Thursday, 29 October 2009

Flora

I'm in the mood for a walk through a cemetery, and it's not the time of year. It's the easy quiet and solitude I'm after or at least what I imagine I'll find here. The outside still creeps in over the crumbling walls. There are children here too with their little scooter bikes and some people appear to use it as a short-cut from the tram stop.

Why I'm in this mood I cant' say exactly. I've just felt a sudden need for the sort of sobriety found here. Those that know me can make a pun on that as they wish. Maybe, all I needed was somewhere to let the well-spring of random thoughts surge and flow out. Lately, whatever I've written has been purpose driven. Being in an old cemetery is a pleasure for its aimlessness - and there are fewer people here than in a park.

Czech graveyards bear the marks of the country's changed history. Angels weighed down with cement wings and forlorn Christs with moss coloured robes populate the front section. Further in I find a gravestone in Russian and another in German. Unfortunately, I can't get to visit the Jewish section. A road blocks my access as it when I was in Želivského.
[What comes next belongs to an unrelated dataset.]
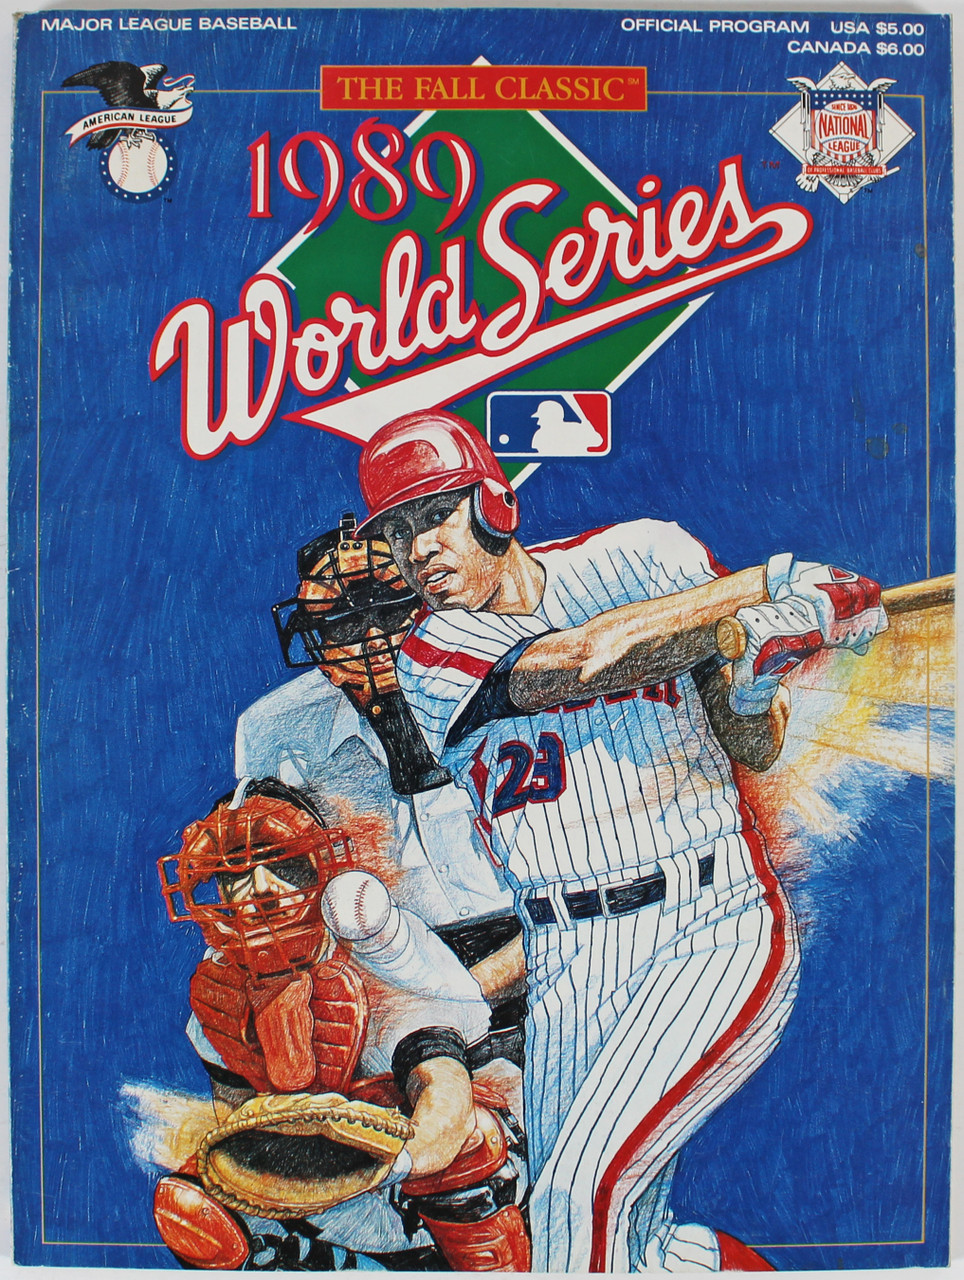 1989 World Series (1989)

The newer stones are as austere as the older ones are extravagant. Slabs of black marble with only names and dates. A few of them have photos or engravings of the deceased. These engravings are eerie. Grey and translucent, it was as if the family wanted to be haunted. And the images immortalize more than the memory. Double chins, eighties perms, caterpillar mustaches commemorate the dead. But to be loved is to be imperfect. Only idols are flawless.

The blank slabs are an invitation to my imagination. What would I want as my epitaph? To be honest, I'm too distracted by the names to think of anything remotely witty or appropriate. Czech surnames are far more descriptive and imaginative than English ones. Among the gravestones I find a Mr Blackbird (Kos), a Mr Hedgehog (Ježek) a family of hooks (Hák), someone who is black (Černý)and another who is quiet (Tichý). The most interesting was the man whose name means "was having breakfast" (Snídal).

The use of the masculine past tense as a surname is not uncommon. Bohumil Hrabal's surname means "raked" or "was raking" depending on context. Perhaps, his ancestor was a gardener, though I'm not sure why eating breakfast warrants a family name.

As I leave, I notice someone taking photos. On the exterior of the cemetery wall was some stencil art, which I'd like to share with you:


1 comment:

Vanessa said...

The names are one of the best things about graveyards, it's like walking through a name-collectors book (I like the idea of name collectors, do they still exist?) come to, well, not exactly to life, but some kind of form.